Course detail

Biomechanics III - Cardiovascular

FSI-RBM Acad. year: 2023/2024 Winter semester

The course starts with basic information on structure of cardiovascular system, its anatomy, physiology, histology and atherosclerosis as its most frequent pathology. An overview of basic reological properties of blood is presented, as well as constitutive models for description of its non-Newtonian behaviour. The course presents the structure of relevant soft tissues, ways of its analysis at the level of cells and fibres, impact of the structure on mechanical behaviour of the tissue and possibilities of its constitutive description. All this is applied in computational models of animal cells, arteries and heart chamber, created in ANSYS software.
Further, the course deals with technical fundamentals of therapeutic treatments and man-made replacements used at cardio-vascular system (vascular grafts, arterial stents, artificial heart valves, artificial heart pumps). The course deals with their technical principles, materials, production technology and basic requirements of biocompatibility.

Language of instruction

Czech

Number of ECTS credits

6

Entry knowledge

Knowledge of basic terms of theory of elasticity and selected theories in the range of the course 5PP-A (stress, strain, general Hooke's law, membrane theory of shells, thick-wall cylindrical vessel). Description of mechanical properties of materials under large strains using hyperelastic constitutive models including anisotropic ones. Basic properties of Newtonian liquids (viscosity), theory of linear viscoelasticity. Fundamentals of FEM and basic handling of ANSYS system.

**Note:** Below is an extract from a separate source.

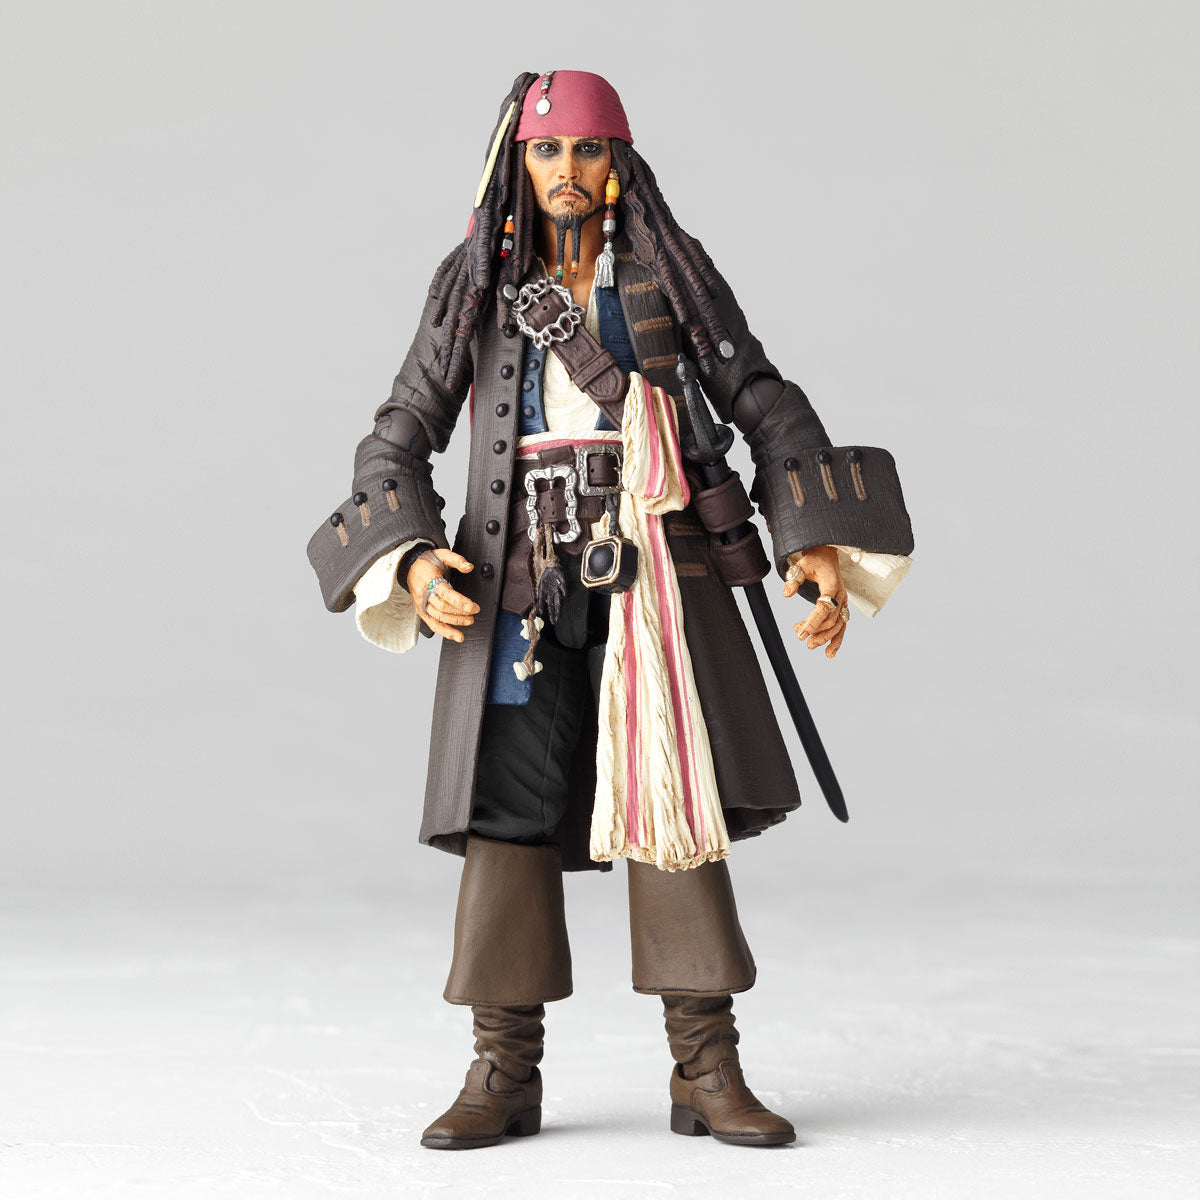 Revoltech "Pirates of the Caribbean" Jack Sparrow

Rules for evaluation and completion of the course

Active participation in seminars, final project and its defence, test of basic theoretical knowledge.
Attendance at practical training is obligatory. An apologized absence can be compensed by individual projects controlled by the tutor.

Aims

The aim of the course is to provide basic general knowledge about properties of tissues in cardiovascular system and analyze in detail impact of their structure on mechanical behaviour. Students should get acquainted with computational models of heart and blood vessels at the level corresponding to the actual state of science and capabilites of the existing software. They also get familiar with treatments and implants applied in the cardio-vascular system and principles of their function and design.
Students will have a clear idea of basic biomechanical problems of cardiovascular system and of the implants used in it. They will be able to model these problems at the actual level of scientific knowledge and of technological equipment.

The study programmes with the given course

Programme N-IMB-P: Engineering Mechanics and Biomechanics, Master's
specialization BIO: Biomechanics, compulsory

Type of course unit

 

Lecture

26 hours, optionally

Teacher / Lecturer

Syllabus

1. Introduction, contents of the course, mechanical properties of soft biological tissues and their experimental evaluation.
2. Fundamental medical information on cardiovascular system.
3. Structure and activity of myocardium. Anatomy, histology and physiology of blood vessels.
4. Structure and composition of blood vessel wall,its mechanical components. Composition of blood.


5.Physiology of heart (ECG, Starling's law). Characteristics of flow in arteries.


6. Models of blood behaviour, velocity profiles of non-Newtonean liquids, Fahraeus-Lindqvist effect.
7. Mechanical properties of cells and their computational modelling.
8. Orientation of collagen fibres, their dispersion and waviness..
9. Mechanical influence on atherosclerotic processes, principials of medical treatment of sclerotic arterie. Arterial stents.
10. Vascular grafts (arterial replacements), types, properties, application, production.
11. Natural and artificial heart valves, principles of their function, overview of available products.
12. Ventricular assist devices and total artificial hearts.
13.Possibilities of computational modelling of cardiovascular system

Computer-assisted exercise

13 hours, compulsory

Teacher / Lecturer

Syllabus

1.-2. FE model of left ventricle.
3.-4. FE tensegrity model of animal cell. 
5.-6. FE model of aorta, residual stress.
7.-8. Evaluation of residual stress in arteral wall using volume growth (fictitious temperature) method. 
9.-10. Experiment – pulsatile flow in elastic tube, orientation of collagen fibres, constitutive models of arterial wall.
11.-12.  FSI simulation of blood flow in arteries.
13. Formulation of semester projects.